Task:
Please restate the data word for word.

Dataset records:
########
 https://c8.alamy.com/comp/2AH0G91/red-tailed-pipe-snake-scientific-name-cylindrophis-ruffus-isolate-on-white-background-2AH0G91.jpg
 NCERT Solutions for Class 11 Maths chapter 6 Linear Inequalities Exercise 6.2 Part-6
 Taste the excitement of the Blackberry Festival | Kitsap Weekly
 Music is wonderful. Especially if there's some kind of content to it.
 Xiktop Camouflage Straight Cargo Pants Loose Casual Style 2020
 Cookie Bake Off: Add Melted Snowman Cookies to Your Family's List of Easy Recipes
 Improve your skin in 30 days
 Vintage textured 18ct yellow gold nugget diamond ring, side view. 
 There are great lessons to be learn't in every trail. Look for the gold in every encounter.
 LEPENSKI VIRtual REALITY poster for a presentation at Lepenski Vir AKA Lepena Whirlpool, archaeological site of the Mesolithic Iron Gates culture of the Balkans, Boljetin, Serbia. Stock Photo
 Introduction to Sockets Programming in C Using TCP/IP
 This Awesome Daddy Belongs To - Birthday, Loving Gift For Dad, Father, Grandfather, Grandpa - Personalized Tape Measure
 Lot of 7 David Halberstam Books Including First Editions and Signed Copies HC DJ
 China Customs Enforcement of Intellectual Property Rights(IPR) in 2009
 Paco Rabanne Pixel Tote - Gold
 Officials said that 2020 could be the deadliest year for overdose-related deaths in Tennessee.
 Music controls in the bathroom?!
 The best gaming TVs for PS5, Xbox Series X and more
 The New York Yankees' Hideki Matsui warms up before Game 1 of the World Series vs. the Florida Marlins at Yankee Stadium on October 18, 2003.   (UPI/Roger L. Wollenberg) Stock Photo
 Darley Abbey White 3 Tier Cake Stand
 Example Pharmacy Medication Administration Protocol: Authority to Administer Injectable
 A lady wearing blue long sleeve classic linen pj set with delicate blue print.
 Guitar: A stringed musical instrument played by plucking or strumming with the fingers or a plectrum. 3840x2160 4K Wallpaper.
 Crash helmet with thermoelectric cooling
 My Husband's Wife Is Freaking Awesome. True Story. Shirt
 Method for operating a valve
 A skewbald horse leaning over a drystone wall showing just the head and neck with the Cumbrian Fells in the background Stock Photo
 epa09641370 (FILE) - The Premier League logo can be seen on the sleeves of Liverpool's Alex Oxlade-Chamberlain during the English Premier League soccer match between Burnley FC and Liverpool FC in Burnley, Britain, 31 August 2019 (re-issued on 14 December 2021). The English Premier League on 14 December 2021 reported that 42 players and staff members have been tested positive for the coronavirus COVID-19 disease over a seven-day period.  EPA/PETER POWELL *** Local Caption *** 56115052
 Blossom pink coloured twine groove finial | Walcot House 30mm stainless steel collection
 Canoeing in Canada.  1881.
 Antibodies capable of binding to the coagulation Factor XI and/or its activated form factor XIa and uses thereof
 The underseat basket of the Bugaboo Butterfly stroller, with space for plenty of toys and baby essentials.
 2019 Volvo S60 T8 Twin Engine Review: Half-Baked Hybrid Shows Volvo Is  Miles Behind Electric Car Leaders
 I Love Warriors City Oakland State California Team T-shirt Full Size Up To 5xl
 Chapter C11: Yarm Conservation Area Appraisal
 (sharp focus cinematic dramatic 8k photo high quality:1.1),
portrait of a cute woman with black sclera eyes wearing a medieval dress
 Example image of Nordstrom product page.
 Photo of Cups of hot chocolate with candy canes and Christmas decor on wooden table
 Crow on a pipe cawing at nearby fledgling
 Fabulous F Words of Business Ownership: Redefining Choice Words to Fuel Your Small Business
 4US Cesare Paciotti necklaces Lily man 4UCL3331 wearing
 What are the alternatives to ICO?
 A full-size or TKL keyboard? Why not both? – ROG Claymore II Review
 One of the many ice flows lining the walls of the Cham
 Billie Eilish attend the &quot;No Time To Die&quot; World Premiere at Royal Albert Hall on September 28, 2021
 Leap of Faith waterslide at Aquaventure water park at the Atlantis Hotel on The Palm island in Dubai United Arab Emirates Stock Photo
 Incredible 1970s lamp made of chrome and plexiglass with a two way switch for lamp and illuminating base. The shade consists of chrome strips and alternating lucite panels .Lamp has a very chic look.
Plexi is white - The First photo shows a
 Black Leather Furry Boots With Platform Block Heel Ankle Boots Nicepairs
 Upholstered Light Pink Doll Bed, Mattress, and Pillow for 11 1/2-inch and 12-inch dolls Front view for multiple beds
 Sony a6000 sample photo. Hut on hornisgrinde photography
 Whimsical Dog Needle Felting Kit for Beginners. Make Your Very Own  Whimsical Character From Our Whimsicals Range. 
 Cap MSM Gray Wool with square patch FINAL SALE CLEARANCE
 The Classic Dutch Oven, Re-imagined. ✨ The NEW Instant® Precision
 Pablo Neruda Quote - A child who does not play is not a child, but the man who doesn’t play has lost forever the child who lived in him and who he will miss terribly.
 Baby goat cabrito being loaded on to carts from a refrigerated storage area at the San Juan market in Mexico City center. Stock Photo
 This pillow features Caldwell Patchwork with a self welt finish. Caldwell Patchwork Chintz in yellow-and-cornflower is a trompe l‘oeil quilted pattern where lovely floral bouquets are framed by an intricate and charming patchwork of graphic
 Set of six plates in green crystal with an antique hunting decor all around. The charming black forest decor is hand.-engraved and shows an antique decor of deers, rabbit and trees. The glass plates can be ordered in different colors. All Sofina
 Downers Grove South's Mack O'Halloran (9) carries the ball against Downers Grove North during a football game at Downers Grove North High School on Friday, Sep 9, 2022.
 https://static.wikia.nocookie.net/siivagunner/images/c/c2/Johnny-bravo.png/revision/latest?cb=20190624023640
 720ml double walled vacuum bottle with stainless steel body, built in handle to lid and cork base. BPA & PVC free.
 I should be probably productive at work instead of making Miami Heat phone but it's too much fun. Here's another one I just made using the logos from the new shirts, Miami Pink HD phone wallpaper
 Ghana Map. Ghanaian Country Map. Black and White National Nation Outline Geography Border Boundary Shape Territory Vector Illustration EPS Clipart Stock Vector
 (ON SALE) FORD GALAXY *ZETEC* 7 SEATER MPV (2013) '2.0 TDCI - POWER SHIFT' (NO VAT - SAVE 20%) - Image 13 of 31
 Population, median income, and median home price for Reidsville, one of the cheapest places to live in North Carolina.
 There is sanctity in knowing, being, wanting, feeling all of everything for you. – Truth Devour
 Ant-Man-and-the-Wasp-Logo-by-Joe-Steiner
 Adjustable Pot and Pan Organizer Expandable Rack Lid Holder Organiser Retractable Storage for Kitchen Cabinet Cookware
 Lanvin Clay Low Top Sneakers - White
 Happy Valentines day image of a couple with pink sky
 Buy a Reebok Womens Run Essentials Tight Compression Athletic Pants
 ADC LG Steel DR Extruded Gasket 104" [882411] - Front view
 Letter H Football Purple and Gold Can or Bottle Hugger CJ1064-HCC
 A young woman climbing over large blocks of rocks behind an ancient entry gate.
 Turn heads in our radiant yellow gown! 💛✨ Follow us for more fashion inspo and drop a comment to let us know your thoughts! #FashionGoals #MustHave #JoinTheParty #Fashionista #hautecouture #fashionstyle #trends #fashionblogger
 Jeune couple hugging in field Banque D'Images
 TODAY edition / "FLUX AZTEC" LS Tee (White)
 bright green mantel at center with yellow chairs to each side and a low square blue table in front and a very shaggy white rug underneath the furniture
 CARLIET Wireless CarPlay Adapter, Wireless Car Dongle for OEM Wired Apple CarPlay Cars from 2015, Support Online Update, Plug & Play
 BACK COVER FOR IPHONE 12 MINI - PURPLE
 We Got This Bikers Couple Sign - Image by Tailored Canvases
########
Response:
 https://c8.alamy.com/comp/2AH0G91/red-tailed-pipe-snake-scientific-name-cylindrophis-ruffus-isolate-on-white-background-2AH0G91.jpg
 NCERT Solutions for Class 11 Maths chapter 6 Linear Inequalities Exercise 6.2 Part-6
 Taste the excitement of the Blackberry Festival | Kitsap Weekly
 Music is wonderful. Especially if there's some kind of content to it.
 Xiktop Camouflage Straight Cargo Pants Loose Casual Style 2020
 Cookie Bake Off: Add Melted Snowman Cookies to Your Family's List of Easy Recipes
 Improve your skin in 30 days
 Vintage textured 18ct yellow gold nugget diamond ring, side view. 
 There are great lessons to be learn't in every trail. Look for the gold in every encounter.
 LEPENSKI VIRtual REALITY poster for a presentation at Lepenski Vir AKA Lepena Whirlpool, archaeological site of the Mesolithic Iron Gates culture of the Balkans, Boljetin, Serbia. Stock Photo
 Introduction to Sockets Programming in C Using TCP/IP
 This Awesome Daddy Belongs To - Birthday, Loving Gift For Dad, Father, Grandfather, Grandpa - Personalized Tape Measure
 Lot of 7 David Halberstam Books Including First Editions and Signed Copies HC DJ
 China Customs Enforcement of Intellectual Property Rights(IPR) in 2009
 Paco Rabanne Pixel Tote - Gold
 Officials said that 2020 could be the deadliest year for overdose-related deaths in Tennessee.
 Music controls in the bathroom?!
 The best gaming TVs for PS5, Xbox Series X and more
 The New York Yankees' Hideki Matsui warms up before Game 1 of the World Series vs. the Florida Marlins at Yankee Stadium on October 18, 2003.   (UPI/Roger L. Wollenberg) Stock Photo
 Darley Abbey White 3 Tier Cake Stand
 Example Pharmacy Medication Administration Protocol: Authority to Administer Injectable
 A lady wearing blue long sleeve classic linen pj set with delicate blue print.
 Guitar: A stringed musical instrument played by plucking or strumming with the fingers or a plectrum. 3840x2160 4K Wallpaper.
 Crash helmet with thermoelectric cooling
 My Husband's Wife Is Freaking Awesome. True Story. Shirt
 Method for operating a valve
 A skewbald horse leaning over a drystone wall showing just the head and neck with the Cumbrian Fells in the background Stock Photo
 epa09641370 (FILE) - The Premier League logo can be seen on the sleeves of Liverpool's Alex Oxlade-Chamberlain during the English Premier League soccer match between Burnley FC and Liverpool FC in Burnley, Britain, 31 August 2019 (re-issued on 14 December 2021). The English Premier League on 14 December 2021 reported that 42 players and staff members have been tested positive for the coronavirus COVID-19 disease over a seven-day period.  EPA/PETER POWELL *** Local Caption *** 56115052
 Blossom pink coloured twine groove finial | Walcot House 30mm stainless steel collection
 Canoeing in Canada.  1881.
 Antibodies capable of binding to the coagulation Factor XI and/or its activated form factor XIa and uses thereof
 The underseat basket of the Bugaboo Butterfly stroller, with space for plenty of toys and baby essentials.
 2019 Volvo S60 T8 Twin Engine Review: Half-Baked Hybrid Shows Volvo Is  Miles Behind Electric Car Leaders
 I Love Warriors City Oakland State California Team T-shirt Full Size Up To 5xl
 Chapter C11: Yarm Conservation Area Appraisal
 (sharp focus cinematic dramatic 8k photo high quality:1.1),
portrait of a cute woman with black sclera eyes wearing a medieval dress
 Example image of Nordstrom product page.
 Photo of Cups of hot chocolate with candy canes and Christmas decor on wooden table
 Crow on a pipe cawing at nearby fledgling
 Fabulous F Words of Business Ownership: Redefining Choice Words to Fuel Your Small Business
 4US Cesare Paciotti necklaces Lily man 4UCL3331 wearing
 What are the alternatives to ICO?
 A full-size or TKL keyboard? Why not both? – ROG Claymore II Review
 One of the many ice flows lining the walls of the Cham
 Billie Eilish attend the &quot;No Time To Die&quot; World Premiere at Royal Albert Hall on September 28, 2021
 Leap of Faith waterslide at Aquaventure water park at the Atlantis Hotel on The Palm island in Dubai United Arab Emirates Stock Photo
 Incredible 1970s lamp made of chrome and plexiglass with a two way switch for lamp and illuminating base. The shade consists of chrome strips and alternating lucite panels .Lamp has a very chic look.
Plexi is white - The First photo shows a
 Black Leather Furry Boots With Platform Block Heel Ankle Boots Nicepairs
 Upholstered Light Pink Doll Bed, Mattress, and Pillow for 11 1/2-inch and 12-inch dolls Front view for multiple beds
 Sony a6000 sample photo. Hut on hornisgrinde photography
 Whimsical Dog Needle Felting Kit for Beginners. Make Your Very Own  Whimsical Character From Our Whimsicals Range. 
 Cap MSM Gray Wool with square patch FINAL SALE CLEARANCE
 The Classic Dutch Oven, Re-imagined. ✨ The NEW Instant® Precision
 Pablo Neruda Quote - A child who does not play is not a child, but the man who doesn’t play has lost forever the child who lived in him and who he will miss terribly.
 Baby goat cabrito being loaded on to carts from a refrigerated storage area at the San Juan market in Mexico City center. Stock Photo
 This pillow features Caldwell Patchwork with a self welt finish. Caldwell Patchwork Chintz in yellow-and-cornflower is a trompe l‘oeil quilted pattern where lovely floral bouquets are framed by an intricate and charming patchwork of graphic
 Set of six plates in green crystal with an antique hunting decor all around. The charming black forest decor is hand.-engraved and shows an antique decor of deers, rabbit and trees. The glass plates can be ordered in different colors. All Sofina
 Downers Grove South's Mack O'Halloran (9) carries the ball against Downers Grove North during a football game at Downers Grove North High School on Friday, Sep 9, 2022.
 https://static.wikia.nocookie.net/siivagunner/images/c/c2/Johnny-bravo.png/revision/latest?cb=20190624023640
 720ml double walled vacuum bottle with stainless steel body, built in handle to lid and cork base. BPA & PVC free.
 I should be probably productive at work instead of making Miami Heat phone but it's too much fun. Here's another one I just made using the logos from the new shirts, Miami Pink HD phone wallpaper
 Ghana Map. Ghanaian Country Map. Black and White National Nation Outline Geography Border Boundary Shape Territory Vector Illustration EPS Clipart Stock Vector
 (ON SALE) FORD GALAXY *ZETEC* 7 SEATER MPV (2013) '2.0 TDCI - POWER SHIFT' (NO VAT - SAVE 20%) - Image 13 of 31
 Population, median income, and median home price for Reidsville, one of the cheapest places to live in North Carolina.
 There is sanctity in knowing, being, wanting, feeling all of everything for you. – Truth Devour
 Ant-Man-and-the-Wasp-Logo-by-Joe-Steiner
 Adjustable Pot and Pan Organizer Expandable Rack Lid Holder Organiser Retractable Storage for Kitchen Cabinet Cookware
 Lanvin Clay Low Top Sneakers - White
 Happy Valentines day image of a couple with pink sky
 Buy a Reebok Womens Run Essentials Tight Compression Athletic Pants
 ADC LG Steel DR Extruded Gasket 104" [882411] - Front view
 Letter H Football Purple and Gold Can or Bottle Hugger CJ1064-HCC
 A young woman climbing over large blocks of rocks behind an ancient entry gate.
 Turn heads in our radiant yellow gown! 💛✨ Follow us for more fashion inspo and drop a comment to let us know your thoughts! #FashionGoals #MustHave #JoinTheParty #Fashionista #hautecouture #fashionstyle #trends #fashionblogger
 Jeune couple hugging in field Banque D'Images
 TODAY edition / "FLUX AZTEC" LS Tee (White)
 bright green mantel at center with yellow chairs to each side and a low square blue table in front and a very shaggy white rug underneath the furniture
 CARLIET Wireless CarPlay Adapter, Wireless Car Dongle for OEM Wired Apple CarPlay Cars from 2015, Support Online Update, Plug & Play
 BACK COVER FOR IPHONE 12 MINI - PURPLE
 We Got This Bikers Couple Sign - Image by Tailored Canvases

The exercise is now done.